> INFORMATION SUPPLIED
################
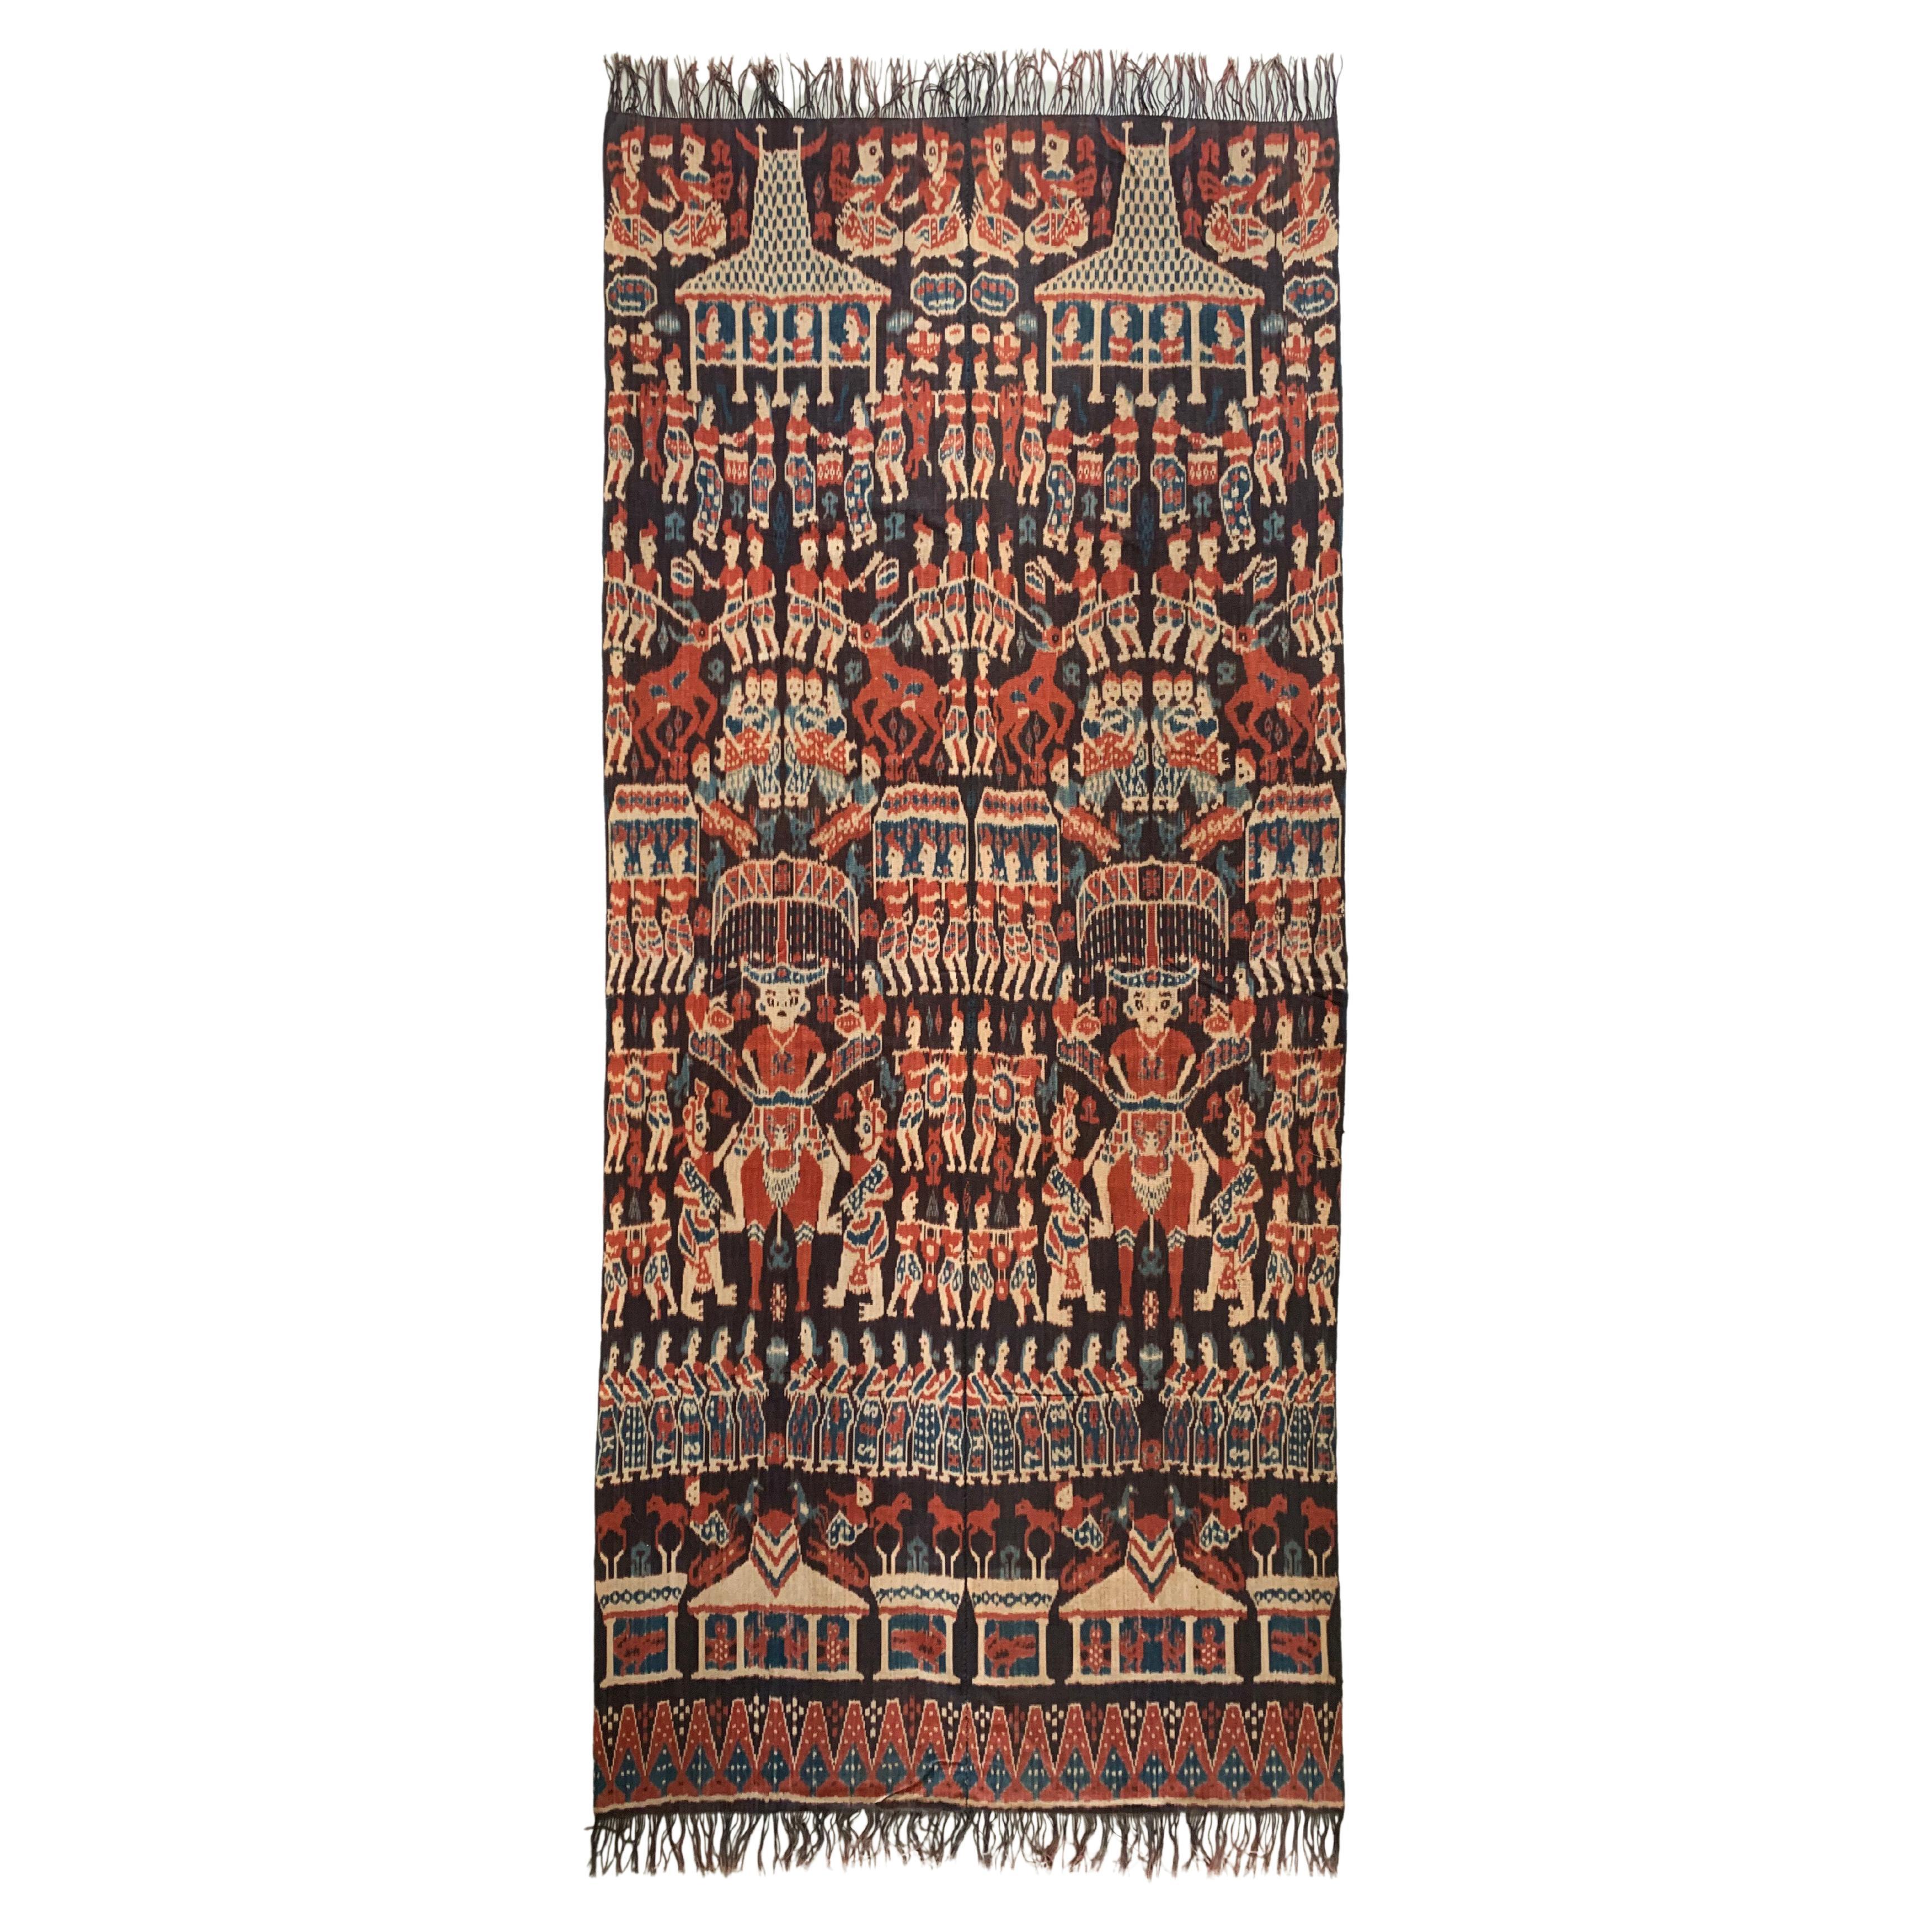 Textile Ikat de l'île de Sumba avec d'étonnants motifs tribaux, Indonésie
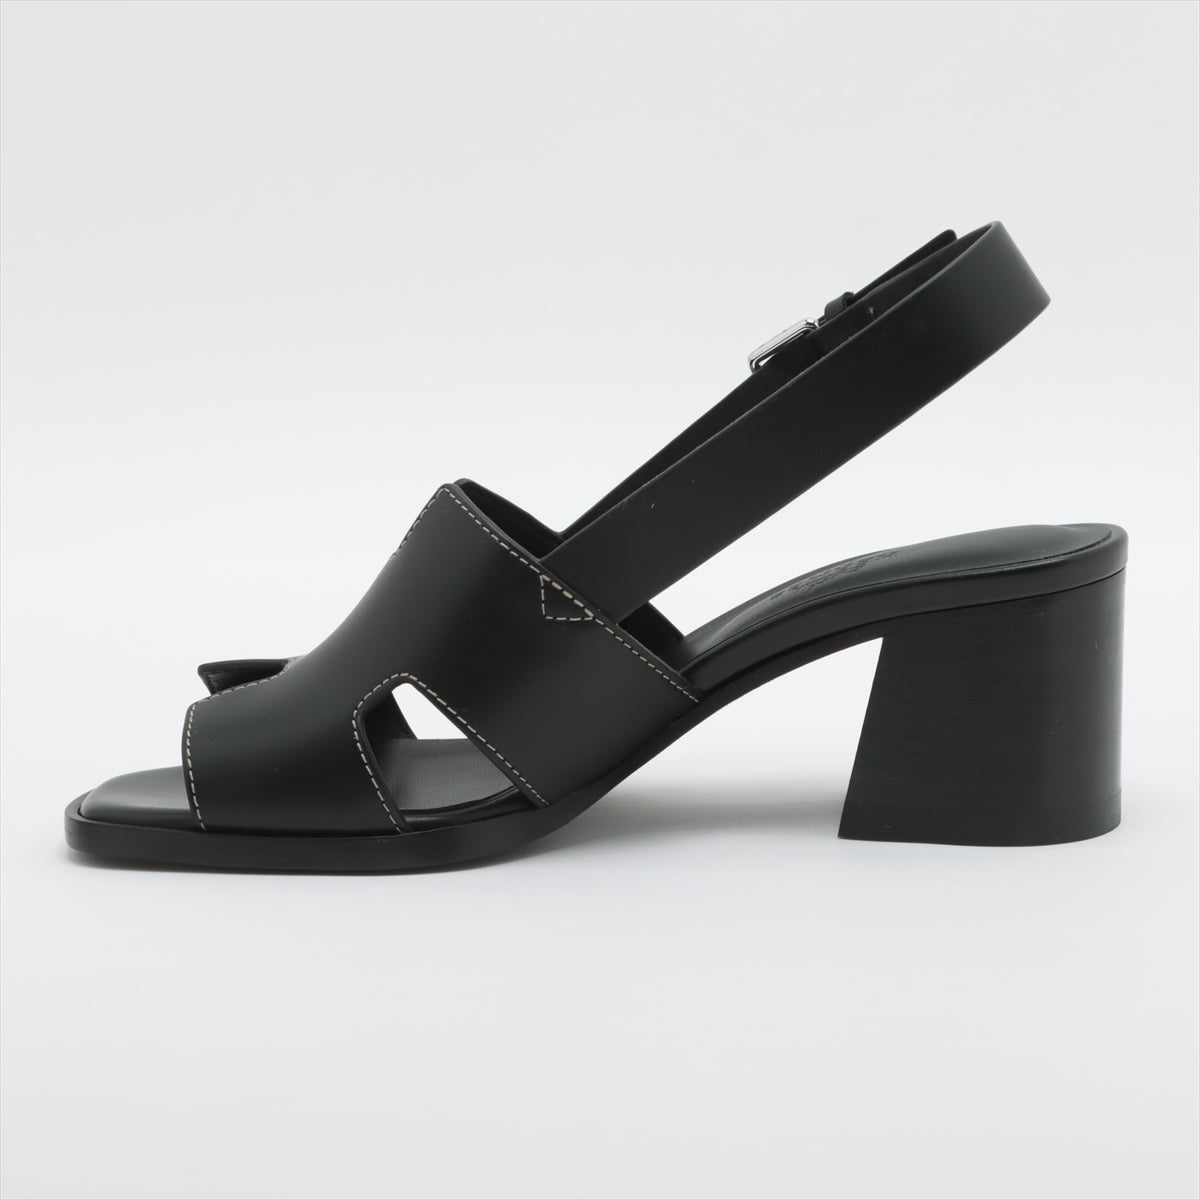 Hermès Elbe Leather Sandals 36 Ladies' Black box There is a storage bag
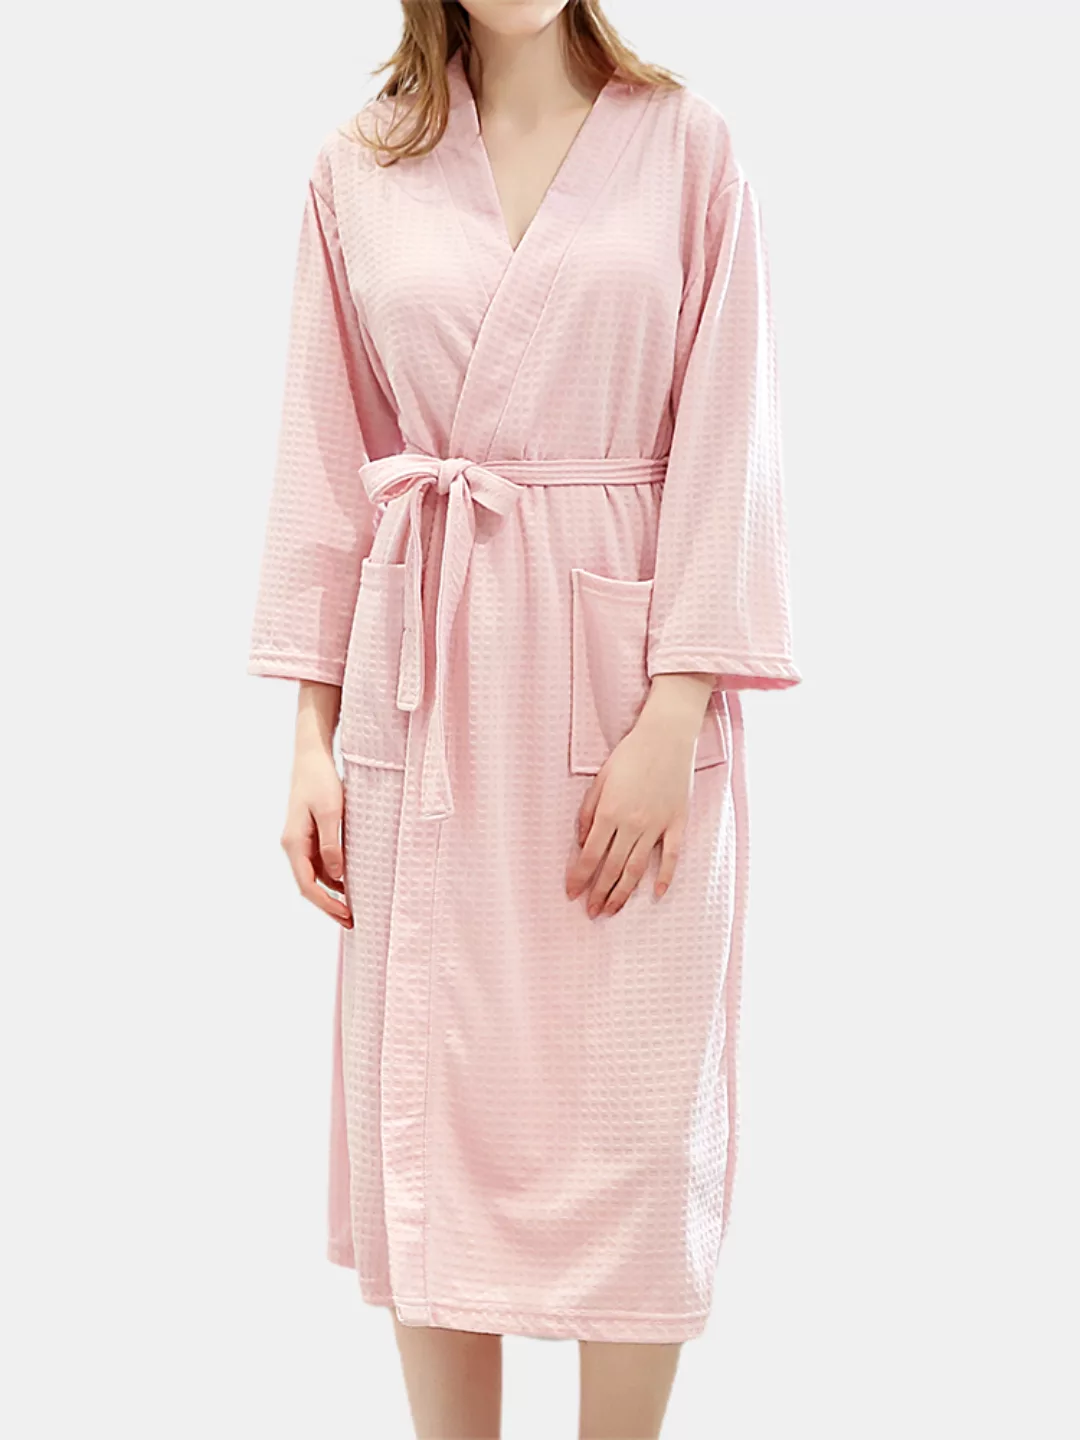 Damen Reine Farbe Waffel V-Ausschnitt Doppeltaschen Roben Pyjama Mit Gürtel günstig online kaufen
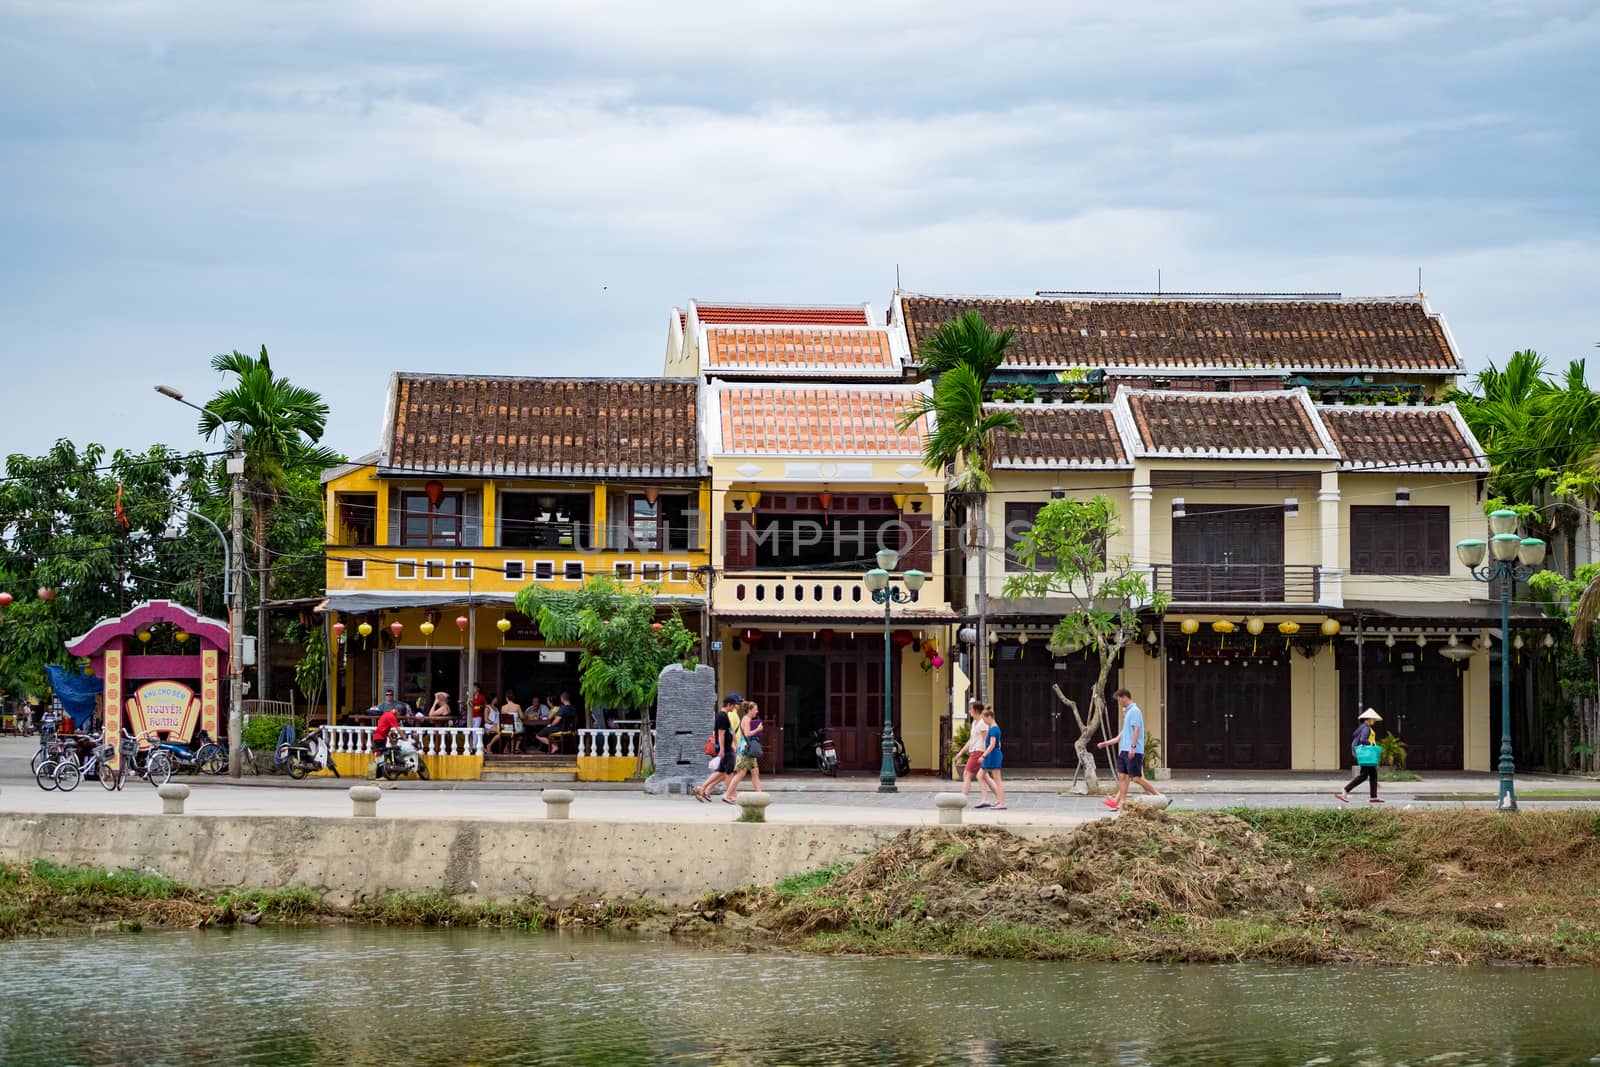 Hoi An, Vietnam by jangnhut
################
> TASK
Only the pictures are to be dropped; all other material above must be repeated exactly.

> EXERCISE RESULT
 Textile Ikat de l'île de Sumba avec d'étonnants motifs tribaux, Indonésie
 Hermès Elbe Leather Sandals 36 Ladies' Black box There is a storage bag
 Damen Reine Farbe Waffel V-Ausschnitt Doppeltaschen Roben Pyjama Mit Gürtel günstig online kaufen
 Hoi An, Vietnam by jangnhut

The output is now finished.